International Conference

Aim 
Asian health knowledge can international cooperation in research originated from the University of Maastricht, The Netherlands dominated the EU seventh research program (FP7) of the European cross-border health consciousness energy research (in English by the eight European countries: FP 7, EU-Health Literacy Survey; HLS-EU; 2009-2012) of the project team and the national health promotion experts since October 2012 Comparative study of international cooperation can (English began to promote the Asian health knowledge: Health Literacy Study Asia- HLSA)

Participating countries 
Participating countries included Taiwan, Japan, Pakistan, Indonesia, Kyrgyzstan, Kazakhstan, South Korea, the Philippines, Cambodia race, Malaysia, Vietnam, Sri Lanka, Myanmar, Mongolia, Laos and other Asian countries, more than ten, together with Asian countries to promote inter-community long-term stability and common prosperity and development in close cooperation culture and health, as well as the region.

1st International Conference 
The first International Conference on Health Literacy and Better Healthcare: EU and Asia was held in 2013 in Taipei, Taiwan.

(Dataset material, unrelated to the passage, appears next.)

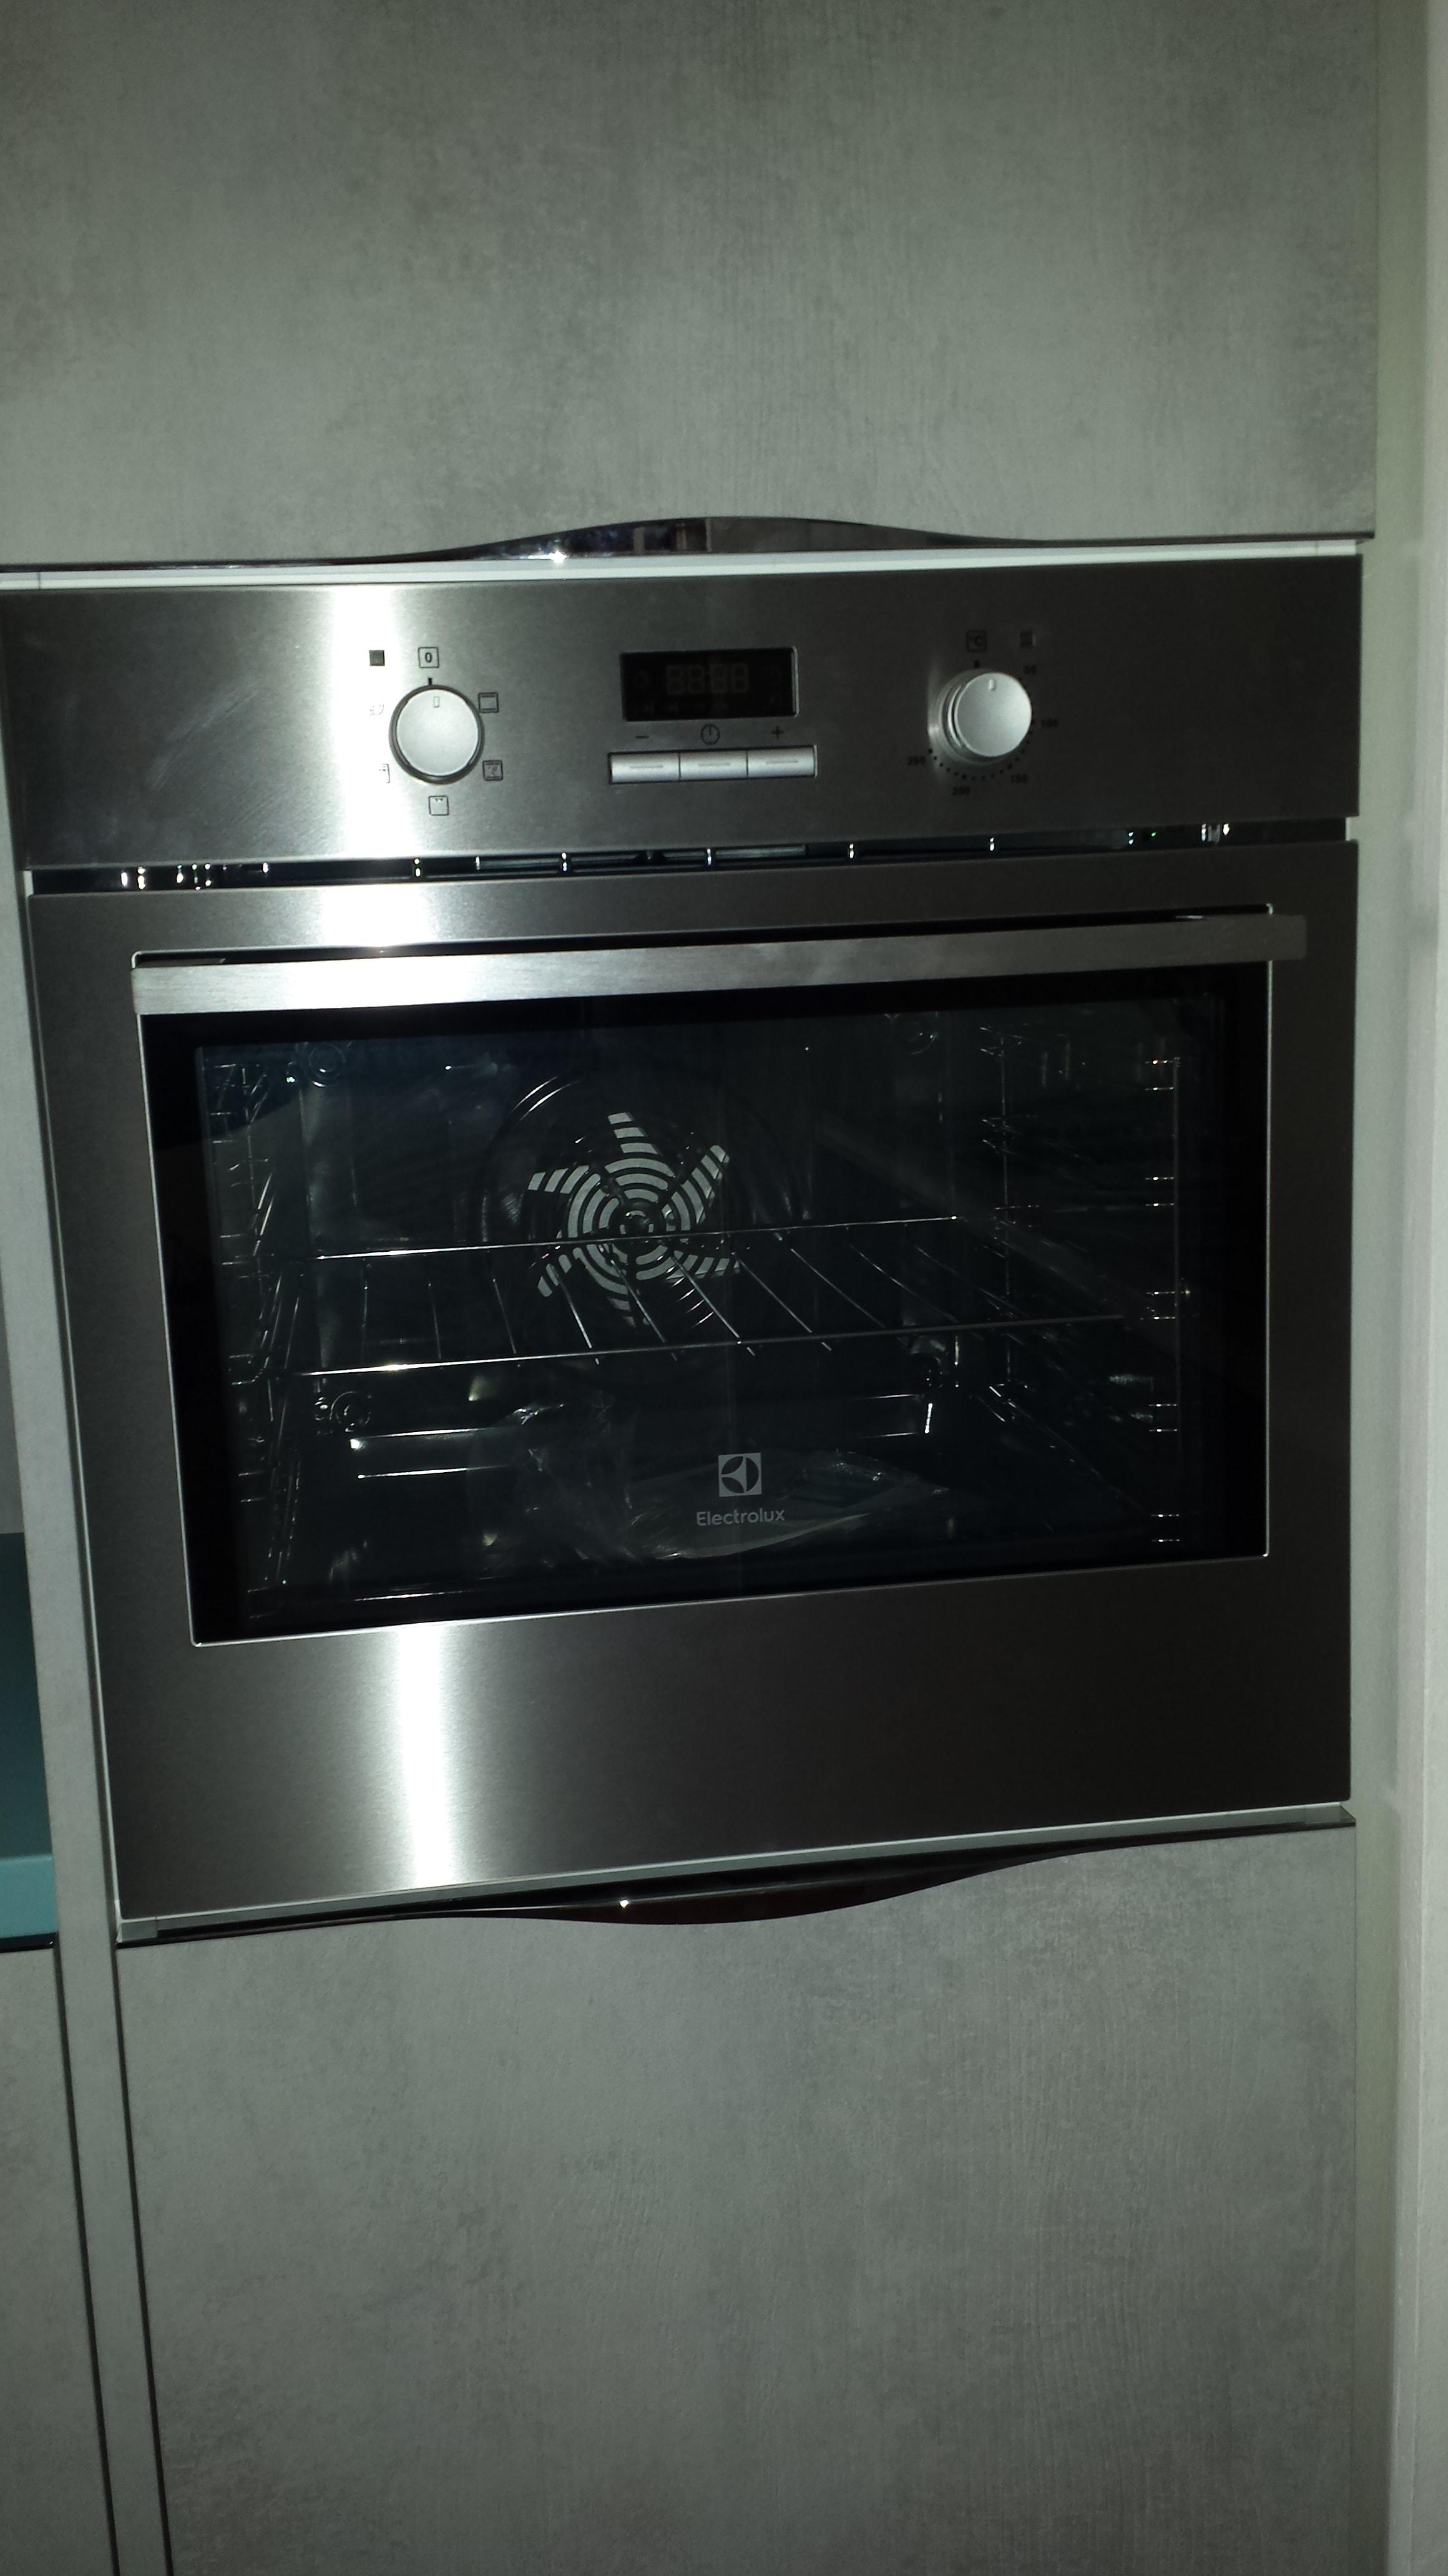 Cucina immagina head di lube cucine a prezzo outlet - Prezzo cucina lube ...

This event was organized by the Asian Health Literacy Society with support from Taiwan’s National Science Council and Ministry of Health and Welfare, the Taipei City Government Department of Health, the Kaohsiung City and Taitung County Governments, the European Economic and Trade Office, the Ministry of Foreign Affairs and MJGroup.

The conference discusses global health literacy issues and explores their implications for better healthcare. Distinguished international speakers and professionals from more than 15 Asian and European countries and from 20 institutions will attend, as the conference provides a platform for health professionals and health literacy scholars to share experiences while establishing an Asian health literacy network.

Conference themes
 Health Literacy and Policy Implementation.
 HLS-EU and HLS-Asia.
 Global Health Literacy Development and Cultural Competence.
 International Corporation and Health Literacy Organization.
 Health Literacy working in the communities.
 Health Literacy in multi-disciplinary partnership.
 Health Literacy and effectiveness.

2nd International Conference 
The 2nd International Conference on Health Literacy and Health Promotion to be held from October 6 to 8 October 2014 in Taipei, Taiwan.

Conference themes
 Health literacy and policy: health policy and governance, health civil society, health inequalities.
 Health literacy and community: health city, healthy ageing environment, healthy living environment and design, enhancing and creating health literate settings.
 Health literacy and hospital: healthcare for non-communicable diseases management (NCDs, diabetes, hypertension, cardiovascular disorders, renal diseases, et al.), high-risk vulnerable individuals.
 Health literacy and education: education and curriculum for health literacy, intervention via school educations.
 Health literacy and occupational environment: industry and business health-literacy friendly environment, occupational health and physical activities and health literacy, health literacy as corporate social responsibility.
 Health literacy in the media and social marketing.
 Health literacy in nutrition and food safety.
 Reproductive health, mental health, and health literacy.
 Health literacy in migrant and minorities.
 Research on measuring HL, on determinants of HL and on consequences or impacts of HL on different aspects of health.